Work required: In duplicating the lines below, keep every word unchanged and drop the pictures.

Given data:
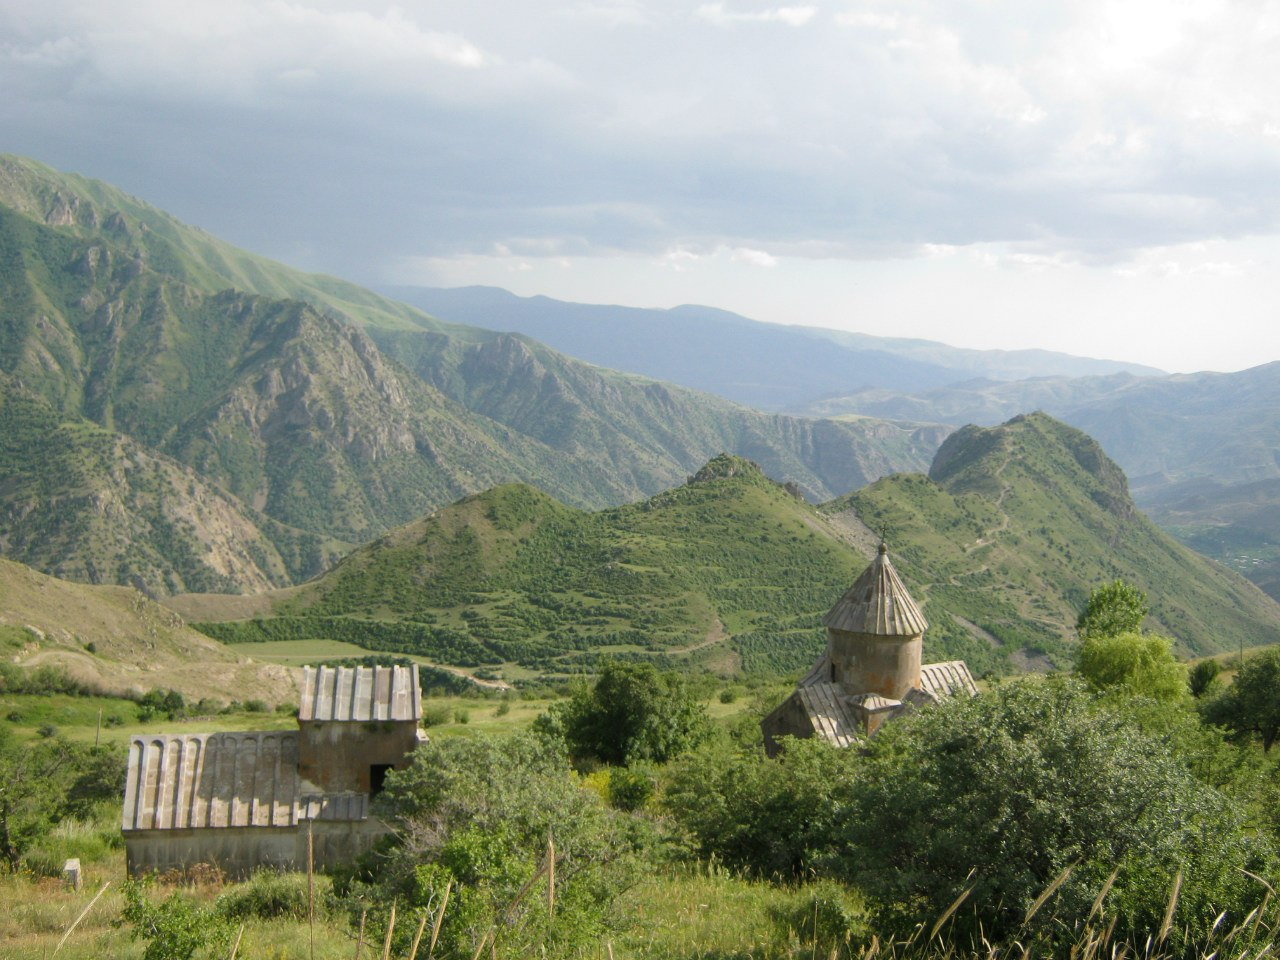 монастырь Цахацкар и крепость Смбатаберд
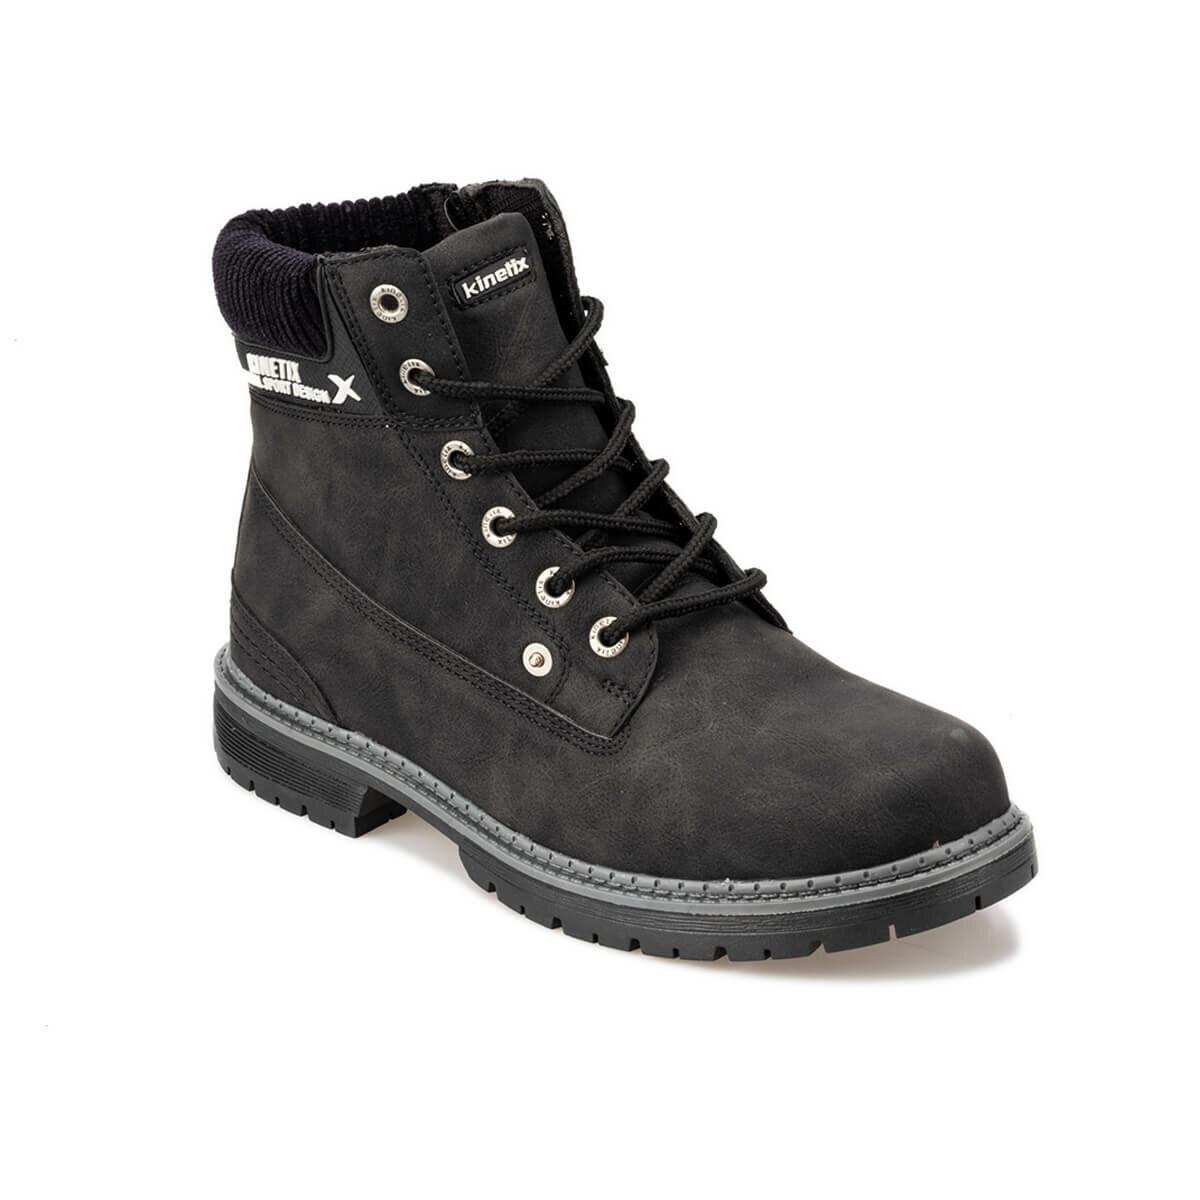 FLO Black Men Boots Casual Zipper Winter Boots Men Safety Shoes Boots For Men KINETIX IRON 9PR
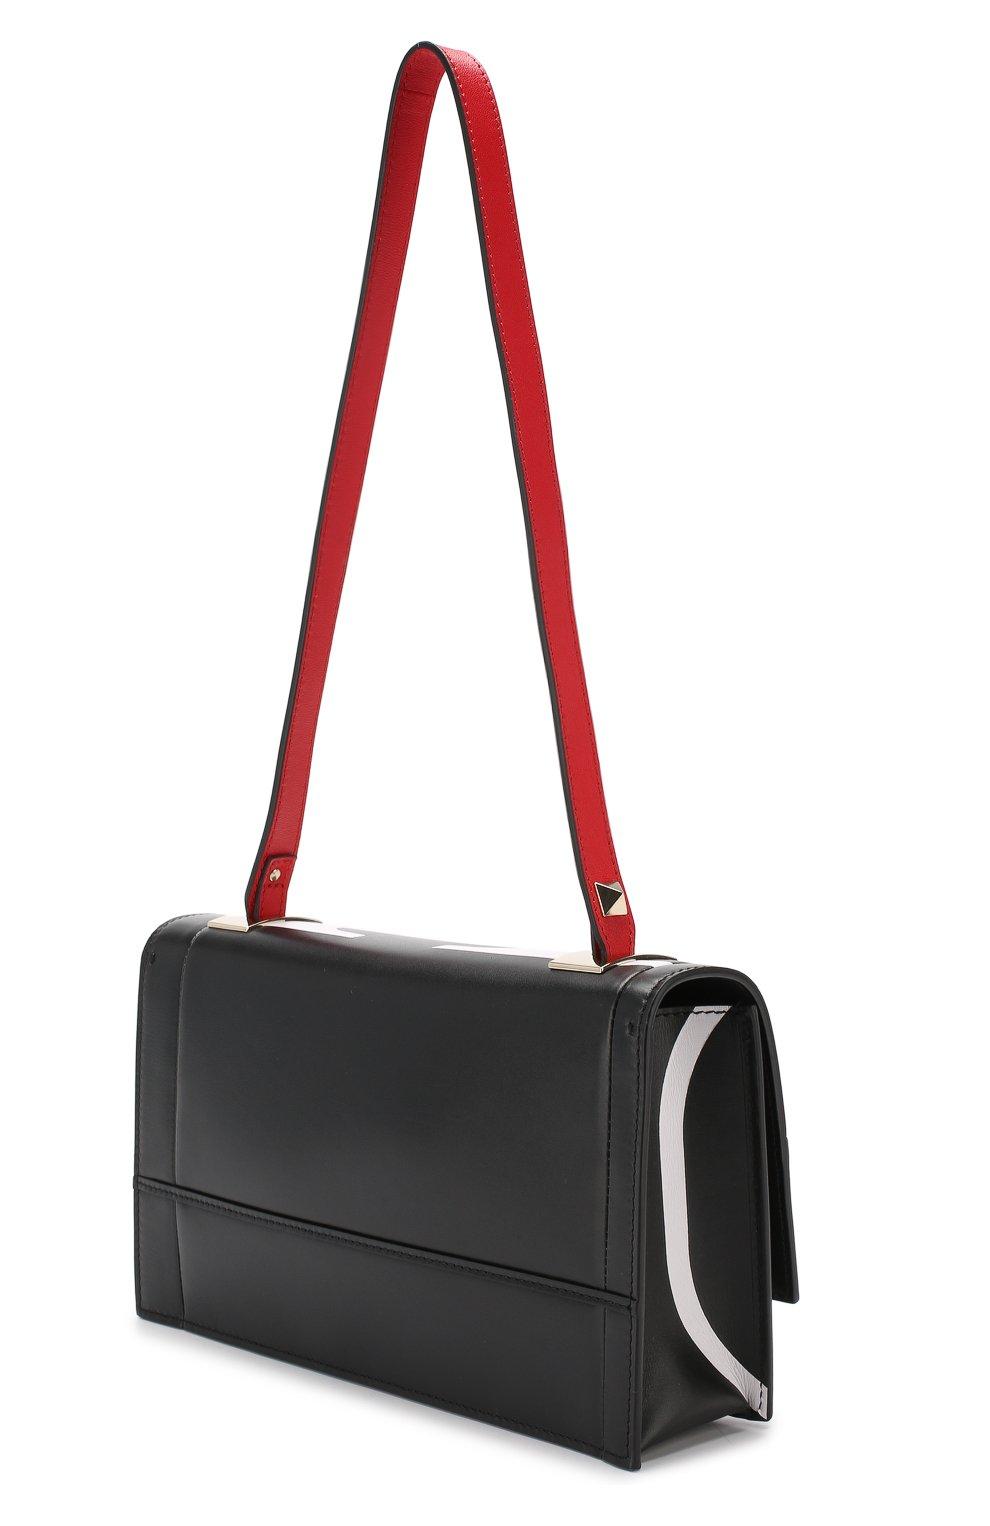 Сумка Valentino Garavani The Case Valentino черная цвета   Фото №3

Written solution:
 монастырь Цахацкар и крепость Смбатаберд
 FLO Black Men Boots Casual Zipper Winter Boots Men Safety Shoes Boots For Men KINETIX IRON 9PR
 Сумка Valentino Garavani The Case Valentino черная цвета   Фото №3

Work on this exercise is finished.